Калландра вернулась обратно, доедая пирожок, пока тот не успел остыть. Она провела своего друга в небольшую боковую комнату, где раньше, когда здание использовалось по своему первоначальному назначению, вероятно, находилась контора. Теперь там стоял стол с лежащей на нем грудой одеял, три запечатанные и одна наполовину пустая бутылки джина, несколько бочонков с уксусом и плоская бутыль с венгерским вином. На двух ветхих стульях тоже были навалены одеяла. Сбросив их на пол, леди Дэвьет предложила Монку присесть.
– Зачем вам джин? – поинтересовался он. – Чтобы залить горе?
– Тогда бы мы распечатали все бутылки, – печально ответила женщина. – Расскажи мне о твоем деле.
Сыщик некоторое время раздумывал, стараясь решить, что говорить о Женевьеве. Возможно, ему следовало сообщить Калландре одни лишь факты, опустив при этом свои собственные впечатления.
– Мы промываем в джине некоторые предметы, – ответила, наконец, собеседница на его вопрос. – Спирт в этом смысле лучше воды, особенно если ее берут из здешних колодцев. Полы мы им, конечно, не моем – для этого у нас есть уксус. Я имею в виду тарелки и ложки.
Такое объяснение вполне удовлетворило Монка.
– Дело… – проговорил, наконец, он, грузно опустившись на один из стульев, который, закачавшись под тяжестью его тела, немного покосился набок.
Детектив осторожно пересел на другой, который выдержал его вес, хотя и издал угрожающий скрип.
– Пропал один мужчина, бизнесмен, владелец процветающего дела и пользующийся всеобщим уважением, – начал Уильям. – У него, судя по всему, хорошая семья, пятеро детей… Ко мне обратилась его жена.
Калландра смотрела на него, не проявляя пока сколько-нибудь заметного интереса.
– По словам жены, у него есть брат, – продолжил Монк, чуть заметно улыбнувшись, – полная ему противоположность. Он жестокий, безжалостный и живет где-то неподалеку отсюда…
– В Лаймхаусе? – удивленно спросила Дэвьет. – Почему именно здесь?
– Видимо, он сам так захотел. Он живет сам по себе, получая иногда подачки от Энгуса – так зовут его пропавшего брата. Несмотря на то что они столь разные люди, Энгус не захотел прекращать с ним отношений, хотя его жена утверждает, что он боялся Кейлеба.
– Значит, Энгус – это тот, кто пропал?
Огонек стоявшей на столе свечи вдруг замигал. Свечку воткнули в пустую бутылку из-под джина, и теперь по стеклу стекали капли сала.

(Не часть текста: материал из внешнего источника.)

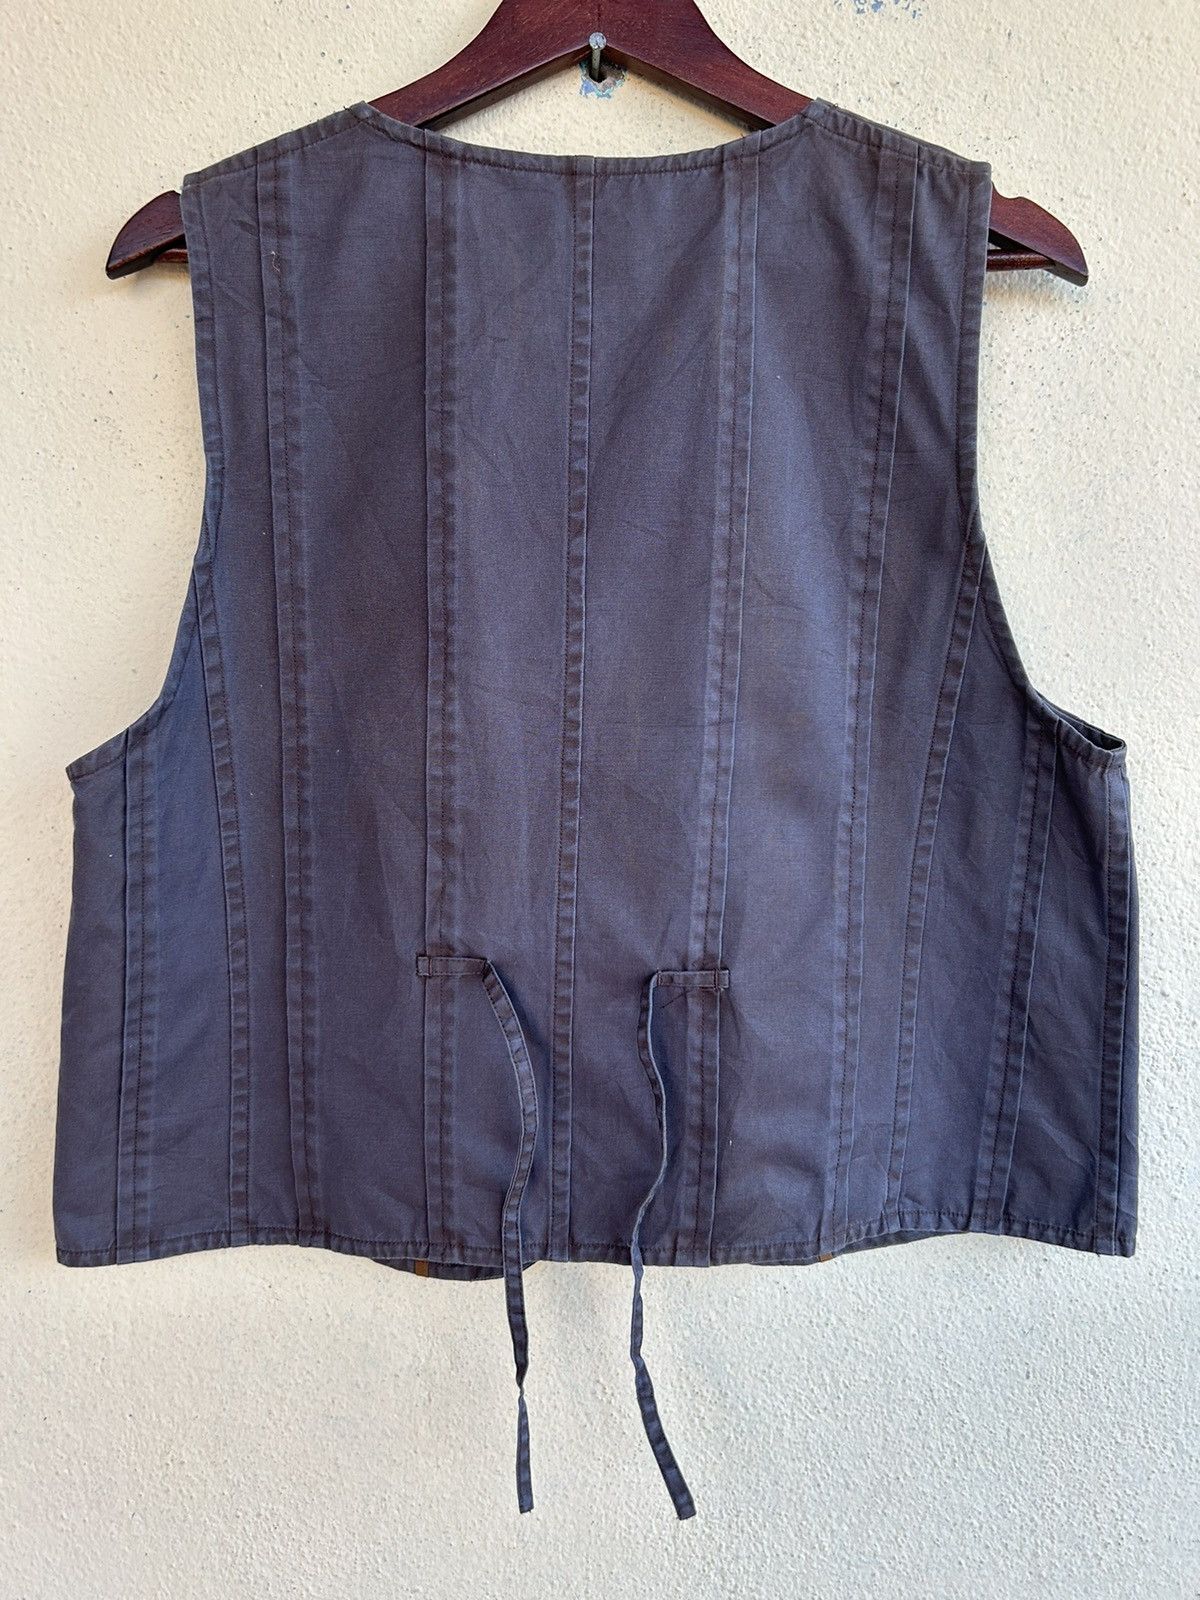 Issey Miyake Sporting Gear Hai Pleated Outdoor Vest | Grailed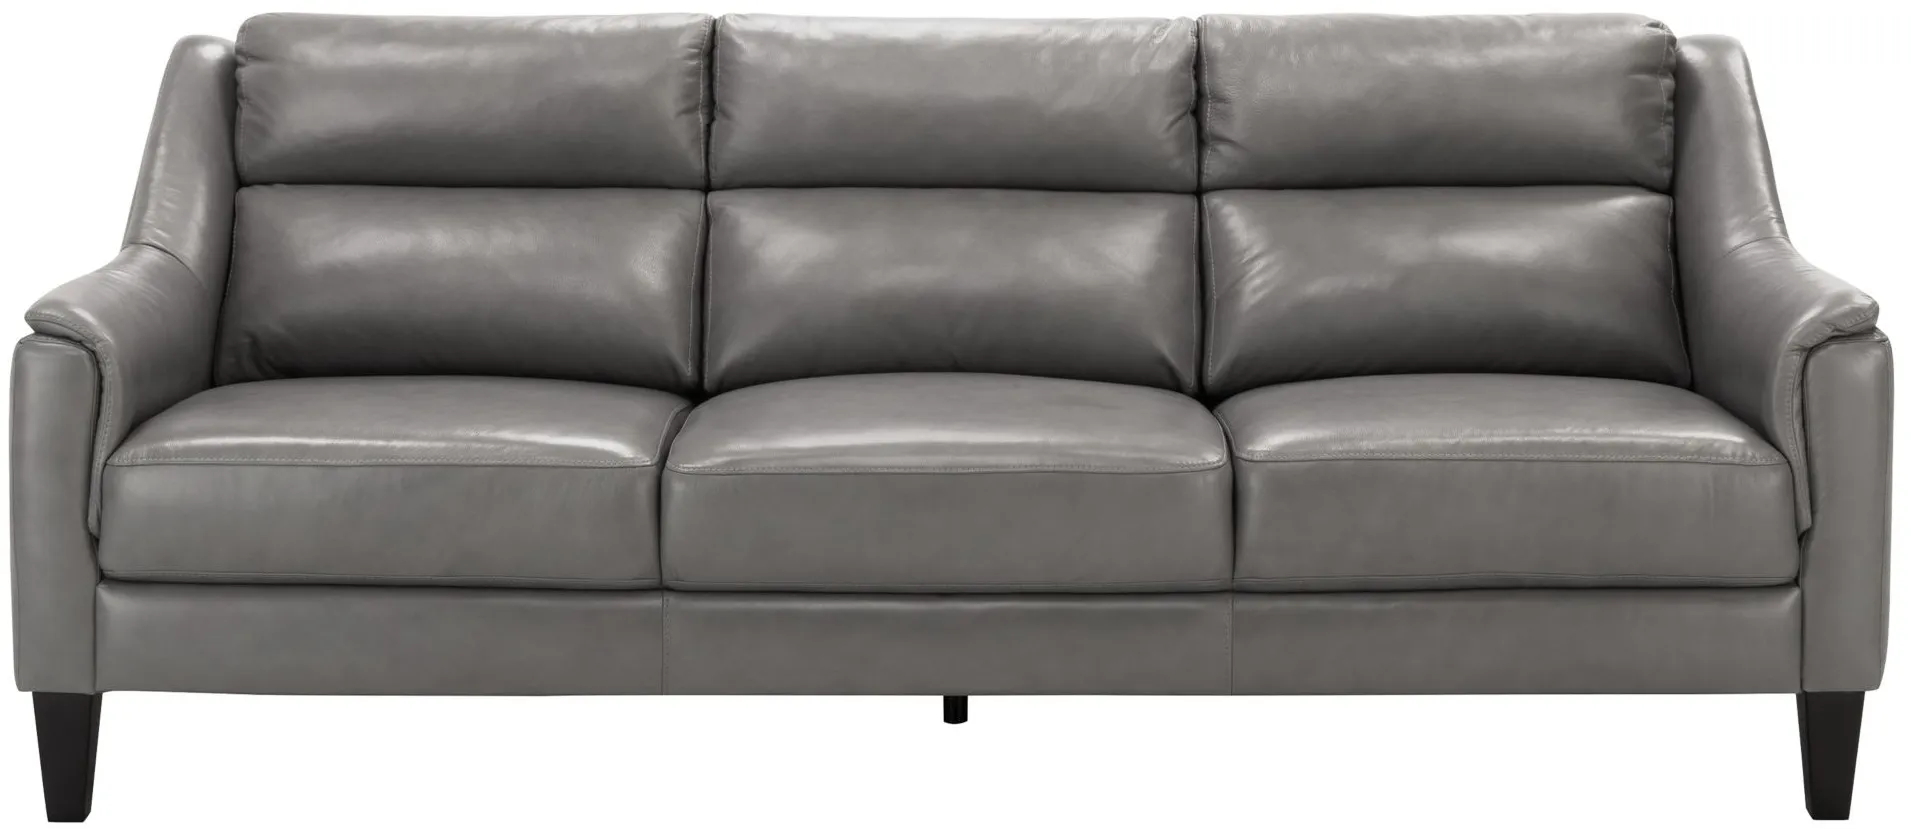 Rowen Sofa in Pewter by Chateau D'Ax

– Да. Его жена очень опасается, что Кейлеб убил ее мужа. По-моему, она просто убеждена в этом, – рассказал детектив.
Калландра нахмурилась.
– Ты сказал, Кейлеб? – Она машинально протянула руку и поправила свечу.
– Да. А что? – спросил Монк.
– У него необычное имя. Не то чтобы совсем неизвестное, но и не слишком распространенное. Всего несколько часов назад мне рассказали об одном жестоком человеке по имени Кейлеб Стоун, который живет в этом районе. Он изувечил мальчишку и порезал лицо женщине.
– Это он и есть! – тут же заявил Уильям, чуть подавшись вперед. – Брат Энгуса Стоунфилда. Но Кейлеб запросто мог укоротить собственную фамилию, отбросив ее вторую половину. Все это очень похоже на то, о чем говорила Женевьева. – Сказав эти слова, Монк неожиданно осознал, как ему до сих пор хотелось, чтобы его предположение оказалось ошибочным, а представление Женевьевы о девере – неверным. Но теперь всем сомнениям наступил конец.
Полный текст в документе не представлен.